● **WORK REQUIRED**:
Reproduce precisely the lines of the material below from the line containing "Untitled (A Dream" up to and including its last line. Pictures must not be copied.

● **RECORDED INFORMATION**:
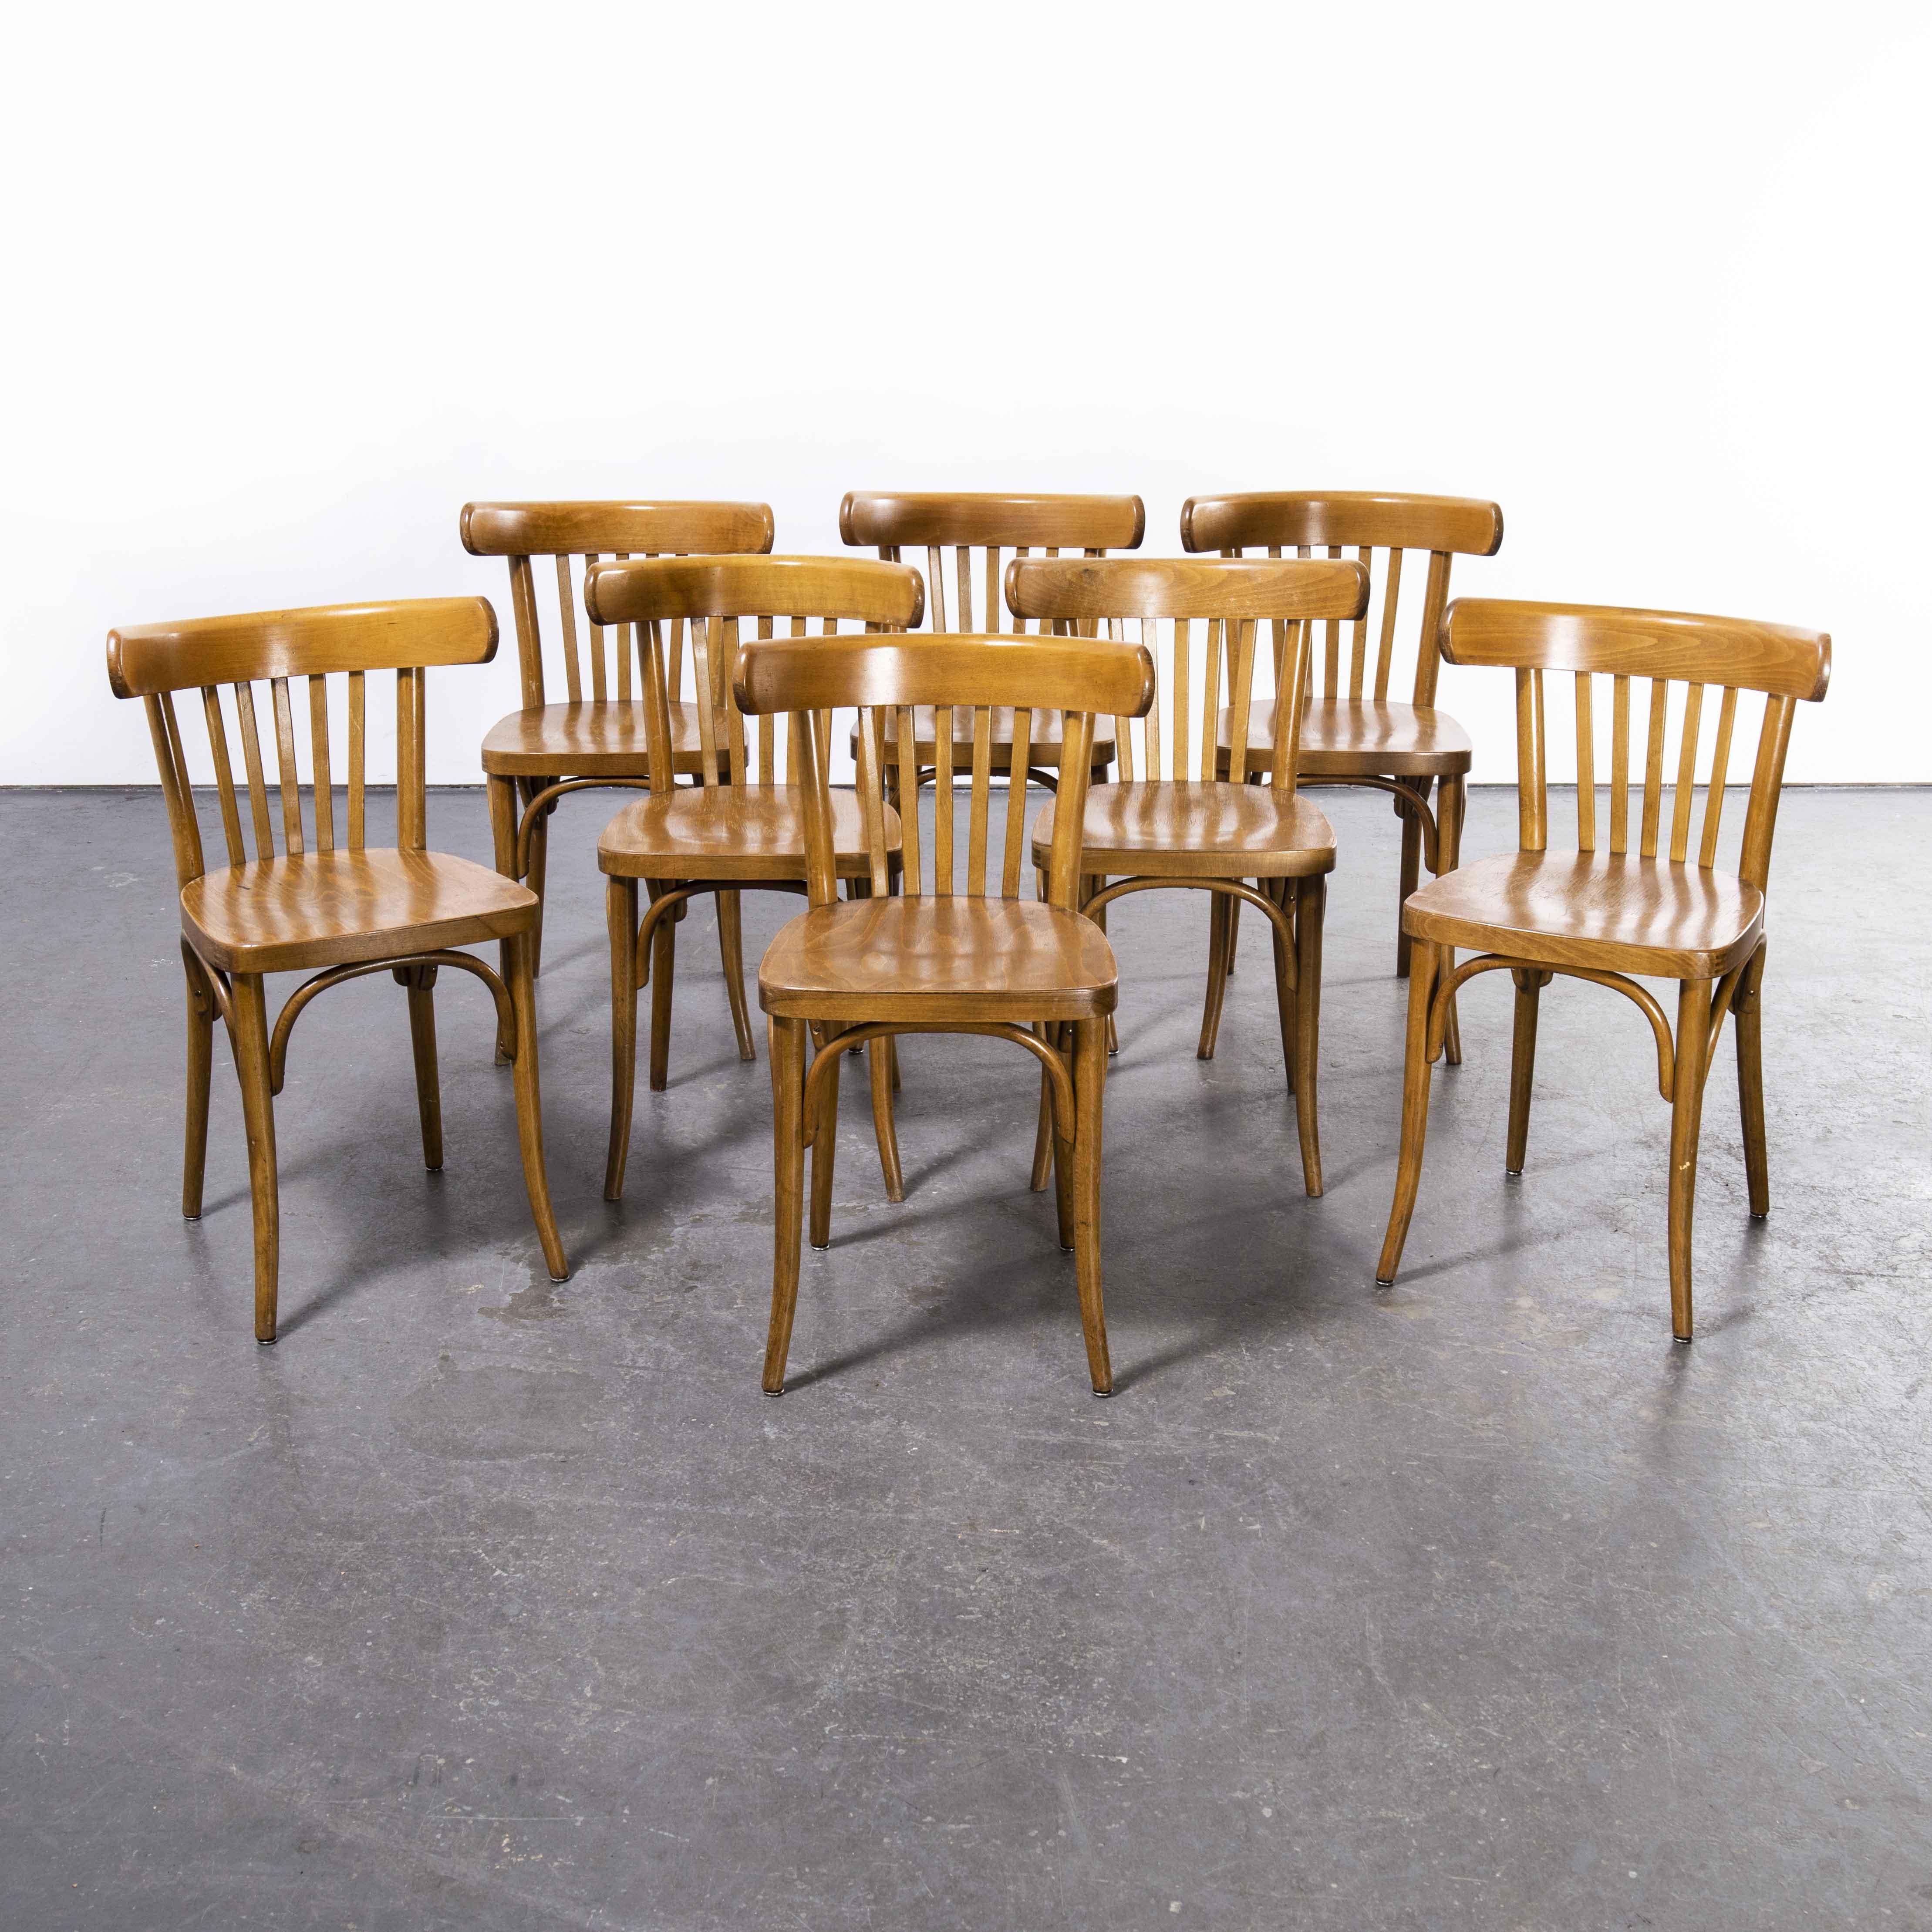 1950’s Baumann Bentwood Bistro dining chair – Set of eight (Model 1362)

1940’s Baumann Bentwood Bistro dining chair – Set of eight. Classic Beech bistro chair made in France by the maker Baumann. Baumann is a slightly off the radar French
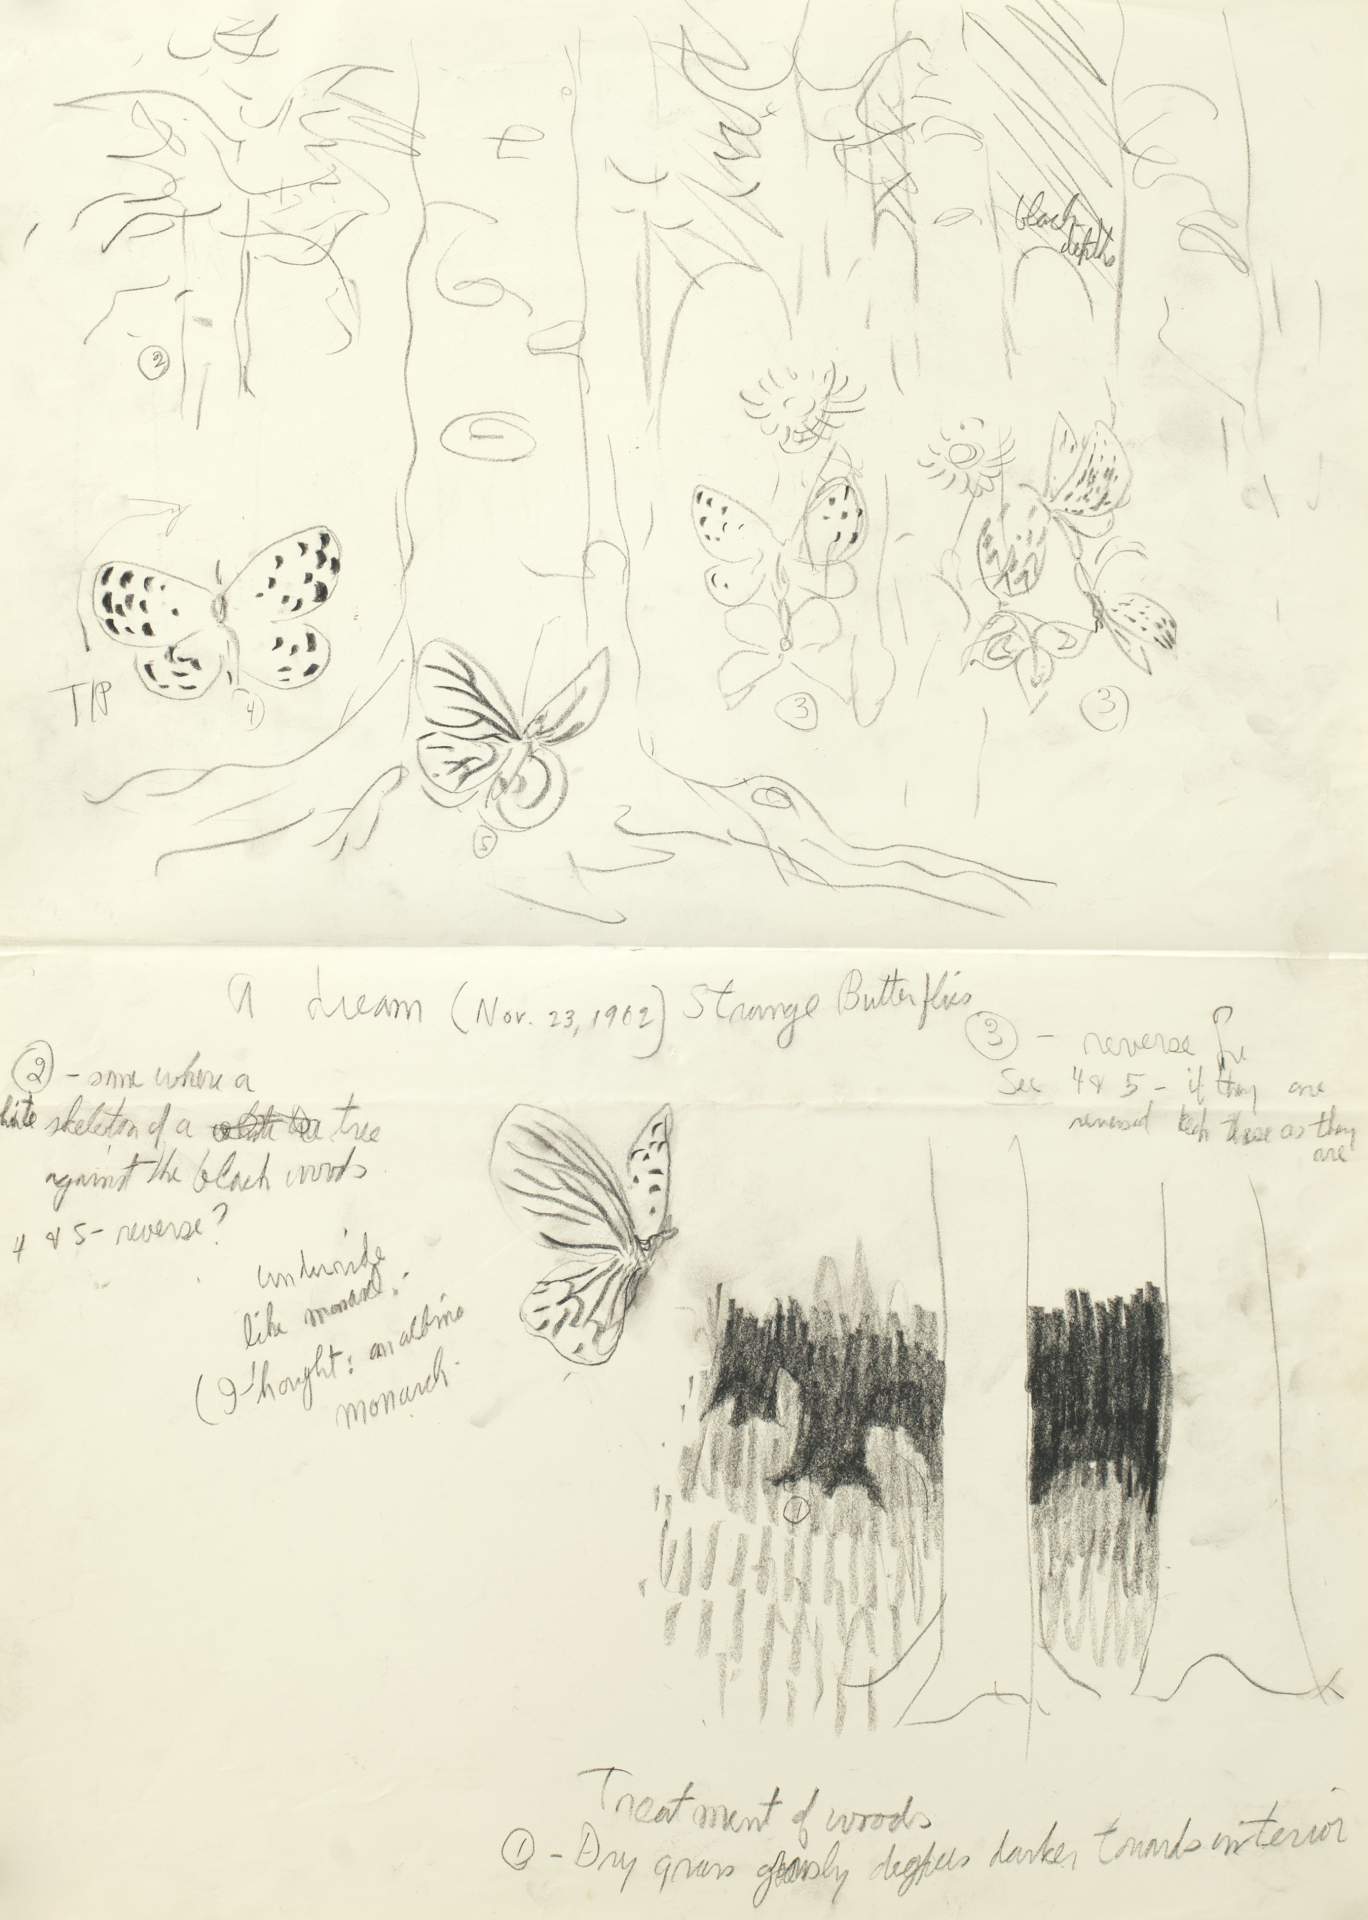 Untitled (A Dream (Nov. 23, 1962) Strange Butterflies)
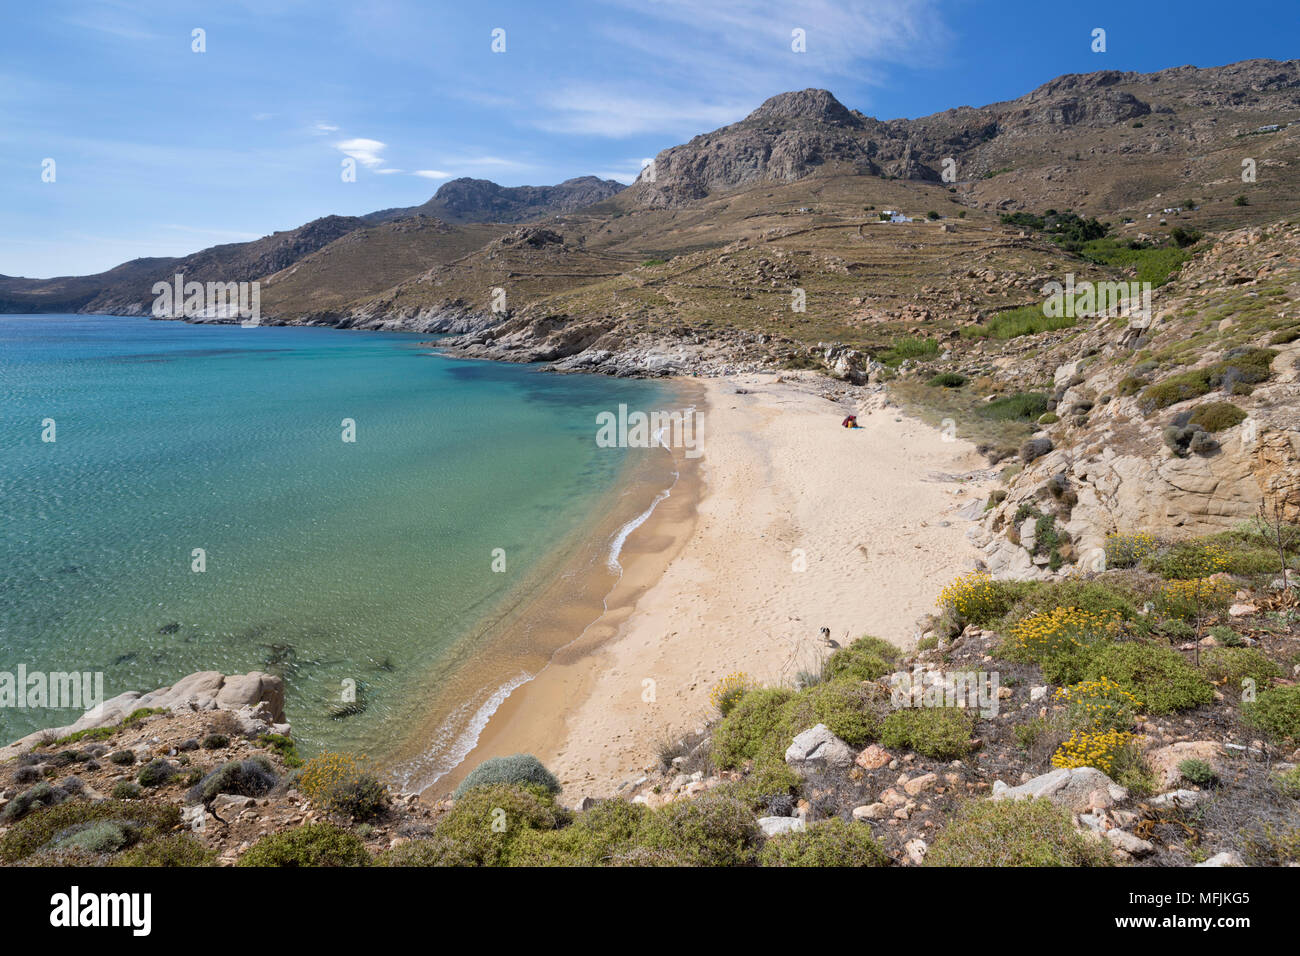 View over Kalo Ampeli beach near Livadi on island's south coast, Serifos, Cyclades, Aegean Sea, Greek Islands, Greece, Europe Stock Photo

● **RESULT OF THIS TASK**:
 Untitled (A Dream (Nov. 23, 1962) Strange Butterflies)
 View over Kalo Ampeli beach near Livadi on island's south coast, Serifos, Cyclades, Aegean Sea, Greek Islands, Greece, Europe Stock Photo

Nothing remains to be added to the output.